Bar chart which shows the number of total features, kept features (those who have passed the filtering step), differentially expressed features, up-regulated features, and down-regulated features (Figure 13).

MDS Plot

Generates a two-dimensional scatterplot in which the distances represent the typical log2 fold changes between samples. You can select an experimental factor by which you want to color the MDS graphic (Figure 14).

Volcano Plot

A scatter plot constructed by plotting the negative log of the adjusted p-values (FDR) on the y-axis versus the log of the fold changes on the x-axis (Figure 15). Upregulated and downregulated genes are shown in green and red respectively.

MA Plot

A scatter plot showing the log of the fold changes on the y-axis versus the average of the log of the CPM on the x-axis. Differentially expressed genes are highlighted (Figure 16).

Heatmap

A heatmap is a two-dimensional visual representation of data in which numerical values of points are represented by a range of colors (Figure 17). The dendrograms added to the left and top sides are produced by a hierarchical clustering method that takes as input the Euclidean distance computed between genes (left) and samples (top).
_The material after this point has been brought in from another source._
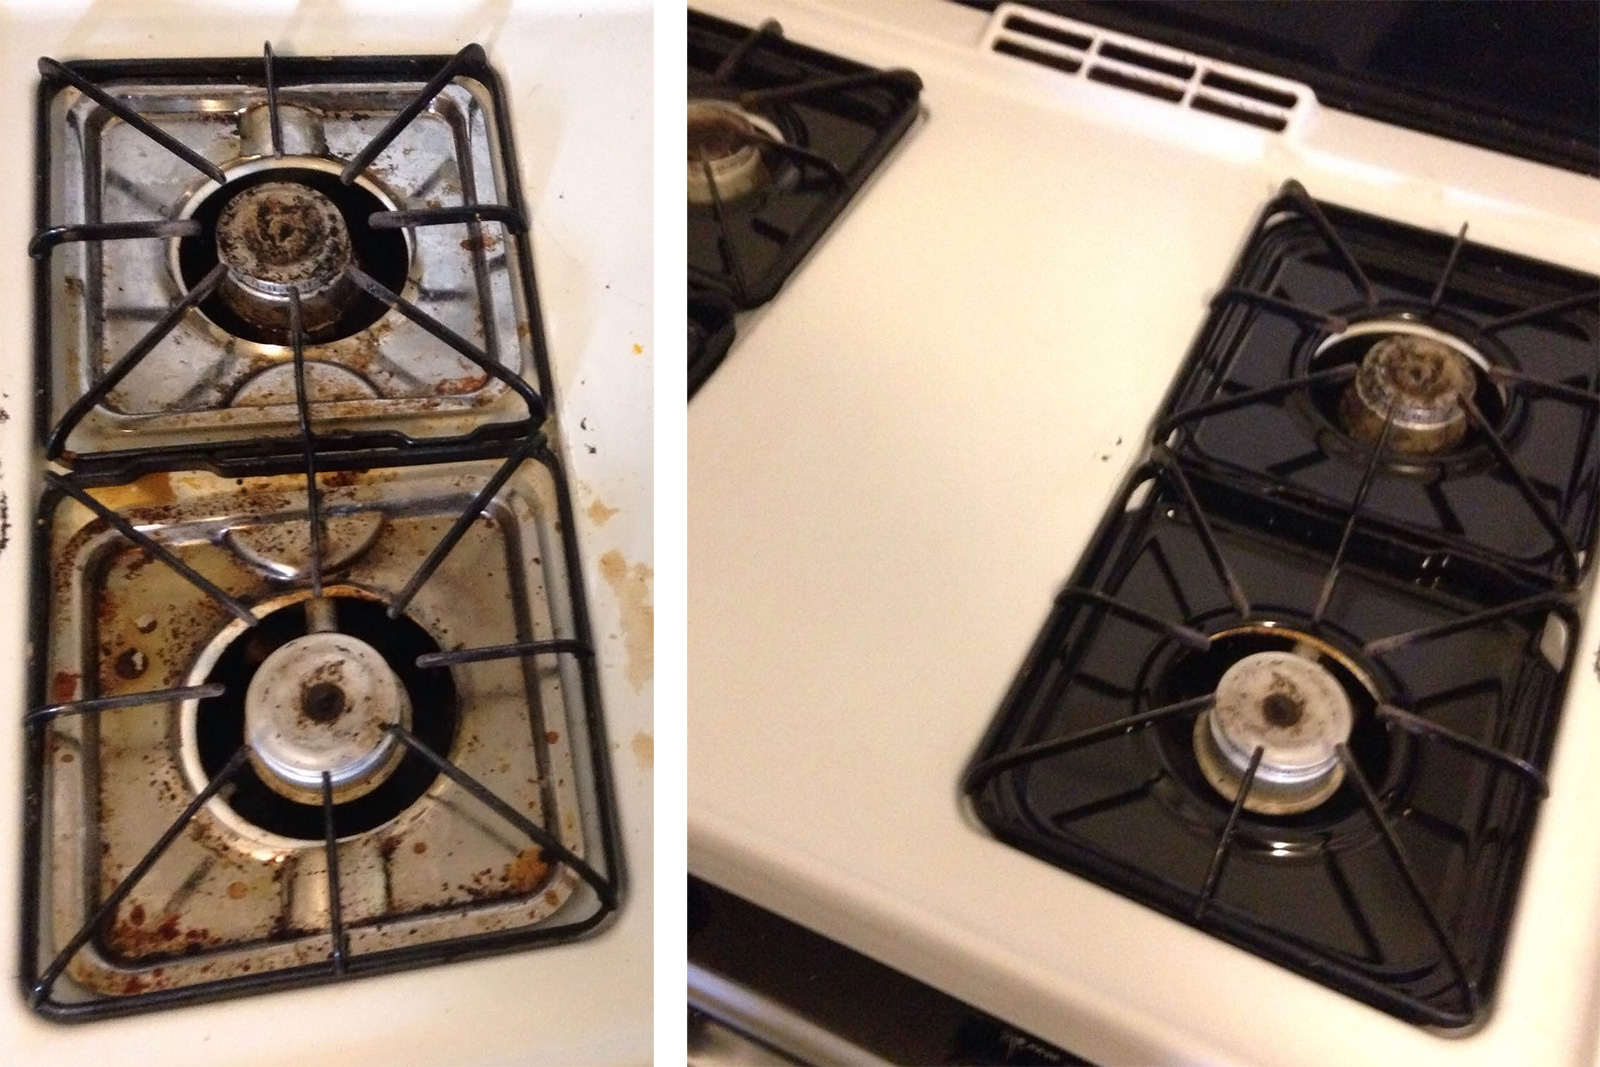 Appliance Cleaning Tips  Clean Kitchen Appliances the Easy Way

The heatmap supports zooming by keeping clicked a node of either of the two dendrograms. The first bars contain the experimental design of the data showing the association between samples and experimental covariates.

Genes that will be displayed can be selected in the wizard. There are three options:

The Top 50 differentially expressed genes (ranked by FDR).
All differentially expressed genes.
Provide an ID list containing the genes to represent.

Differentially expressed genes are those that are labeled as UP or DOWN in the table project ("Tags" column). The criteria for considering a gene as differentially expressed can be adjusted using the option "Set Up/Down Tags".

Furthermore, the wizard allows adjusting the type of expression data that will be represented, as well as the transformation that can be applied to this data.